Explanatory variables analyses of age-appropriate motor skills development (MABC2)

Total MABC2

Figure 3C shows the best model of explanatory variables influencing MABC2total when right hand rMT was included (R2= 0.26, F(5,126)= 9.02, P≤ 0.0001). The MABC2total was highest in children who had lower adiposity (i.e. %BF) at assessment (%BF = 40.7%, P≤ 0.0001), greater corticomotor excitability (i.e. lower right hand rMT = 21.4%, P= 0.02), a higher GA (18.3%, P= 0.02), went home to a less socially disadvantaged home at birth (IRSDbirth= 14.1%, P= 0.05) and were female (5.54%, P= 0.03).

Manual dexterity

Eighteen children (13 boys) had significant impairment of dexterity, and 11 (five boys) had mild impairment. All were born at ≤37 weeks GA. Figure 3C shows the best model of explanatory variables influencing manual dexterity when right hand rMT was included (R2= 0.125, F(4,131)= 4.67, P= 0.001). Better manual dexterity was associated with having greater corticomotor excitability (i.e. lower right hand rMT = 44.73%, P= 0.01), being female (24.8%, P= 0.01) and having lower %BF (24.0%, P= 0.02).

Aiming and catching skills

Four children (one boy) had significant impairment of aiming and catching skills, and three (two boys) had mild impairment. All, except one girl (40 weeks GA) with a significant impairment, were born at ≤37 weeks GA. Figure 3C shows the best model for aiming and catching skills (R2= 0.09, F(3,118)= 3.76, P= 0.01). Better aiming and catching skills were associated with having a mother with a lower body mass index at the first antenatal visit (50.7%, P= 0.02) and a higher GA (35.6%, P= 0.04). Sex was not a significant predictor (13.7%, P= 0.24).

Balance skills

As with aiming and catching skills, corticomotor excitability had little influence on balance. Ten children (six boys) had significant impairment, and nine (eight boys) had mild impairment. All were born at ≤37 weeks GA. Figure 3C shows the best model for balance skill development (R2= 0.22, F(3,144)= 13.25, P≤ 0.0001). Superior balance skills were associated with being female (43.8%, P≤ 0.0001), having lower adiposity (39.0%, P≤ 0.0001) and having a higher GA (17.2%, P= 0.006).

Handedness

Most children were right handed (n= 123, 82.6%), with only 20 (13%) being left handed and six children (4%) showing no hand preference. While there was only a weak trend for preterm birth to be associated with being less strongly right handed (r= 0.15, P= 0.07, n= 149), all children who were either left handed or had no hand preference were born at ≤38 weeks GA. Lateralization was influenced by a child's right hand rMT (i.e. left hemisphere; R2= 0.09, F(1,128)= 12.50, P= 0.001) but not the left hand rMT. Children with low rMTs in both hands were more likely to have a higher laterality quotient, i.e. to be more right handed. Including predictors such as prenatal exposure to corticosteroids and/or magnesium sulphate, BW%, being a singleton or multiple birth, and the child's sex failed to account for this finding.

Discussion

The main novel finding of this study is that preterm birth is associated with reduced corticomotor excitability that persists in late childhood. Suboptimal fetal growth, evident as a lower BW%, further contributes independently to reduce corticomotor excitability although, unlike GA, this appears to be confined to the right motor cortex. While the most preterm children have the greatest decrements in corticomotor excitability, there does not appear to be a ‘critical’ GA after which no further gains in corticomotor excitability are made (i.e. every week of GA up to approximately 39–40 weeks is important). While corticomotor excitability is positively associated with functional motor skill development, particularly hand dexterity, other postnatal factors appear to play an important role in determining the level of motor skills attained.

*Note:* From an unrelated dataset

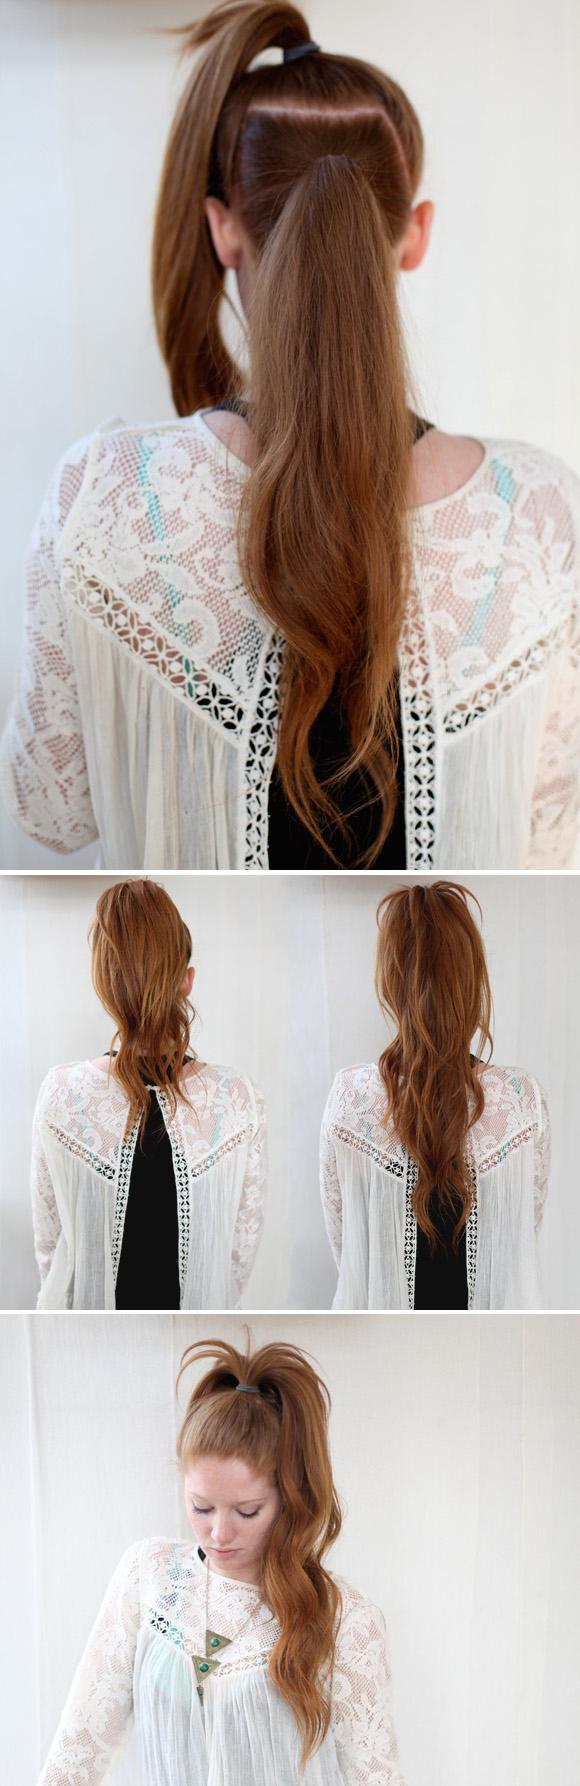 kiểu buộc tóc đẹp 08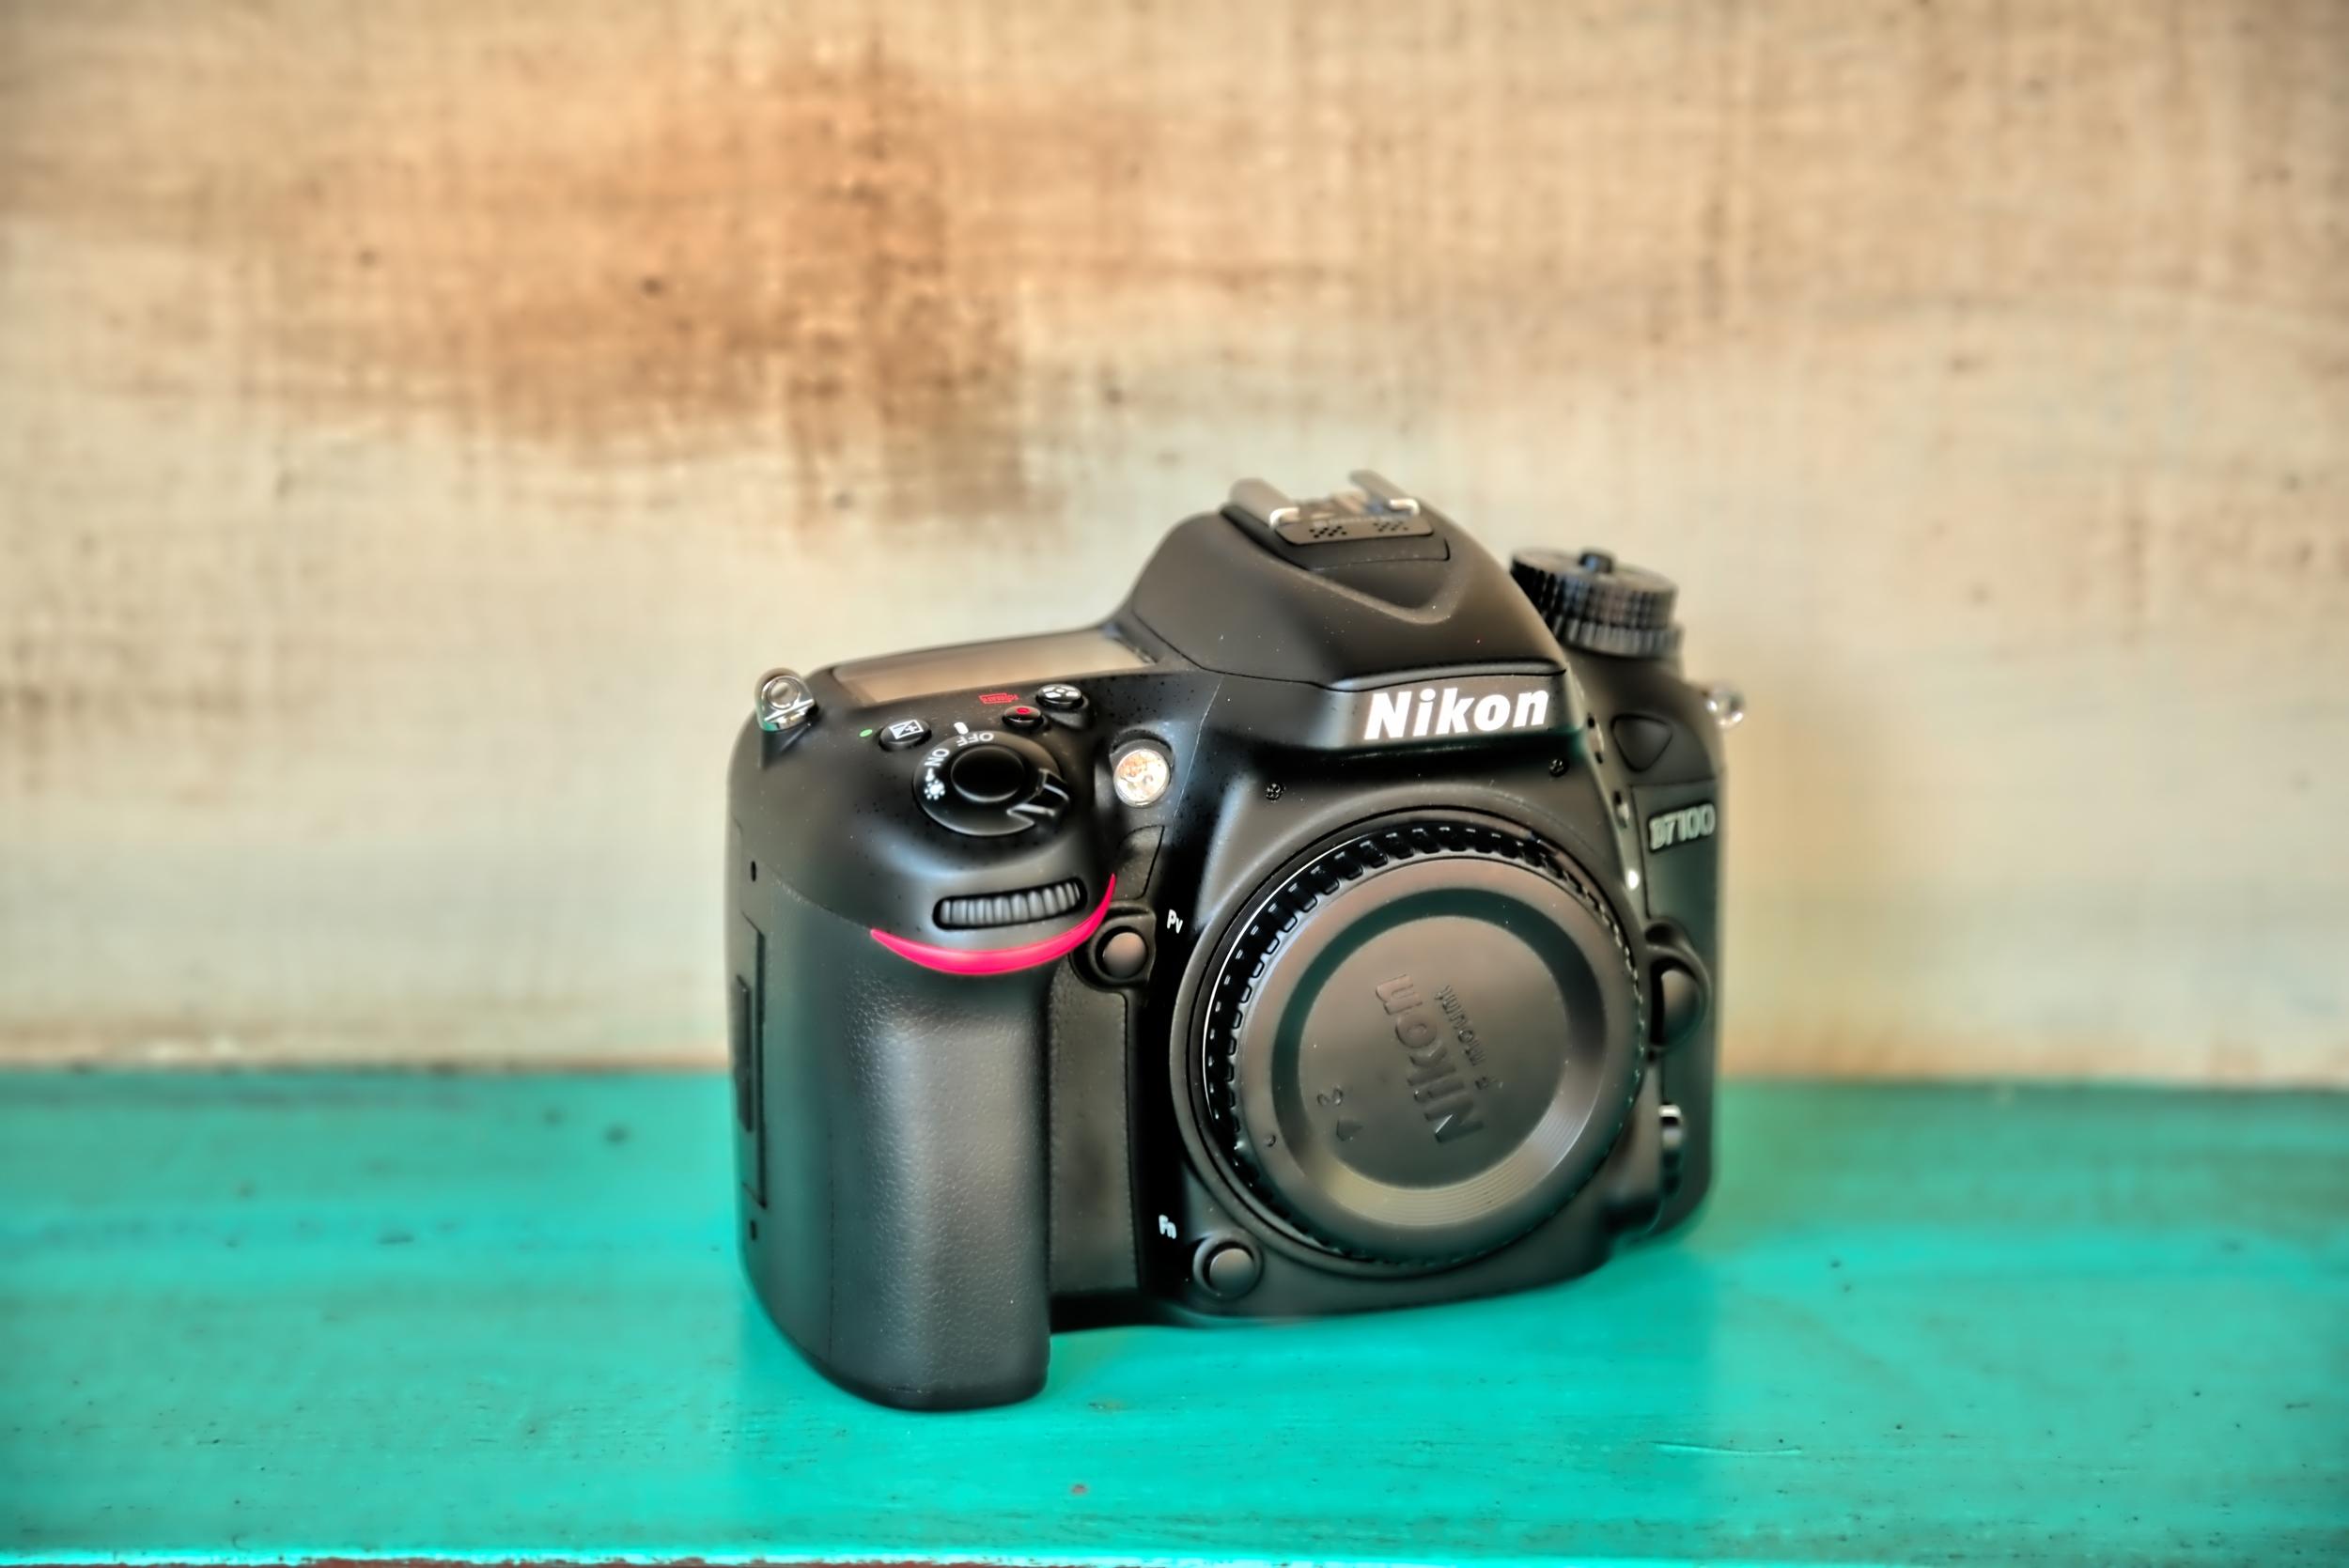 Nikon D7100 Full Frame DSLR Camera

High corticomotor thresholds in preterm children may reflect reduced white matter integrity and functional connectivity

We speculate that the higher rMTs seen in preterm children may reflect, at least in part, persistent reductions in white matter integrity and functional connectivity in cortico-cortical and/or cortico-thalamic projections involving the primary motor cortex. In this study, the primary measure of corticomotor excitability was the rMT, which is the lowest TMS intensity required to excite corticospinal fibres indirectly via excitatory input from cortico-cortical projections and to evoke a small MEP response in the target muscle (Ziemann, 2004). Excitation of these projections by TMS is also influenced by membrane voltage-gated sodium channels, because drugs that inhibit the activity of these channels and modify membrane excitability increase the rMT (Chen et al. 1997; Ziemann, 2003, 2004). In neurologically healthy adults, the rMT is negatively correlated with the maturation, myelination and structural integrity of the white matter of the primary, premotor and prefrontal cortices, the internal capsule, corpus callosum, corona radiata and cerebral peduncles (Kloppel et al. 2008). The maturation of white matter is associated with increasing fractional anisotropy (FA) and a reduction in the apparent diffusion coefficient on DTI (Hüppi et al. 1998; for review see Mathur et al. 2010); that is, individuals with low rMTs have better white matter microstructural integrity (i.e. higher FA) in the neuronal networks subserving motor control.

Likewise, higher rMT in preterm children may reflect weaker functional connectivity between the secondary and primary motor areas (Kloppel et al. 2008). Functional connectivity MRI studies indicate that preterm birth disrupts the normal development of neural connectivity within and between cortical regions, even in the absence of lesions (Smyser et al. 2010, 2011). In preterm infants, the networks contributing to motor and sensory function, auditory and visual processing and language are less mature and have aberrant connectivity when compared with their term-born peers (Smyser et al. 2010). The mechanisms underlying this are not yet clear, although white matter damage and reduced myelination are known to affect cortico-cortical and cortico-thalamic connections (Smyser et al. 2010).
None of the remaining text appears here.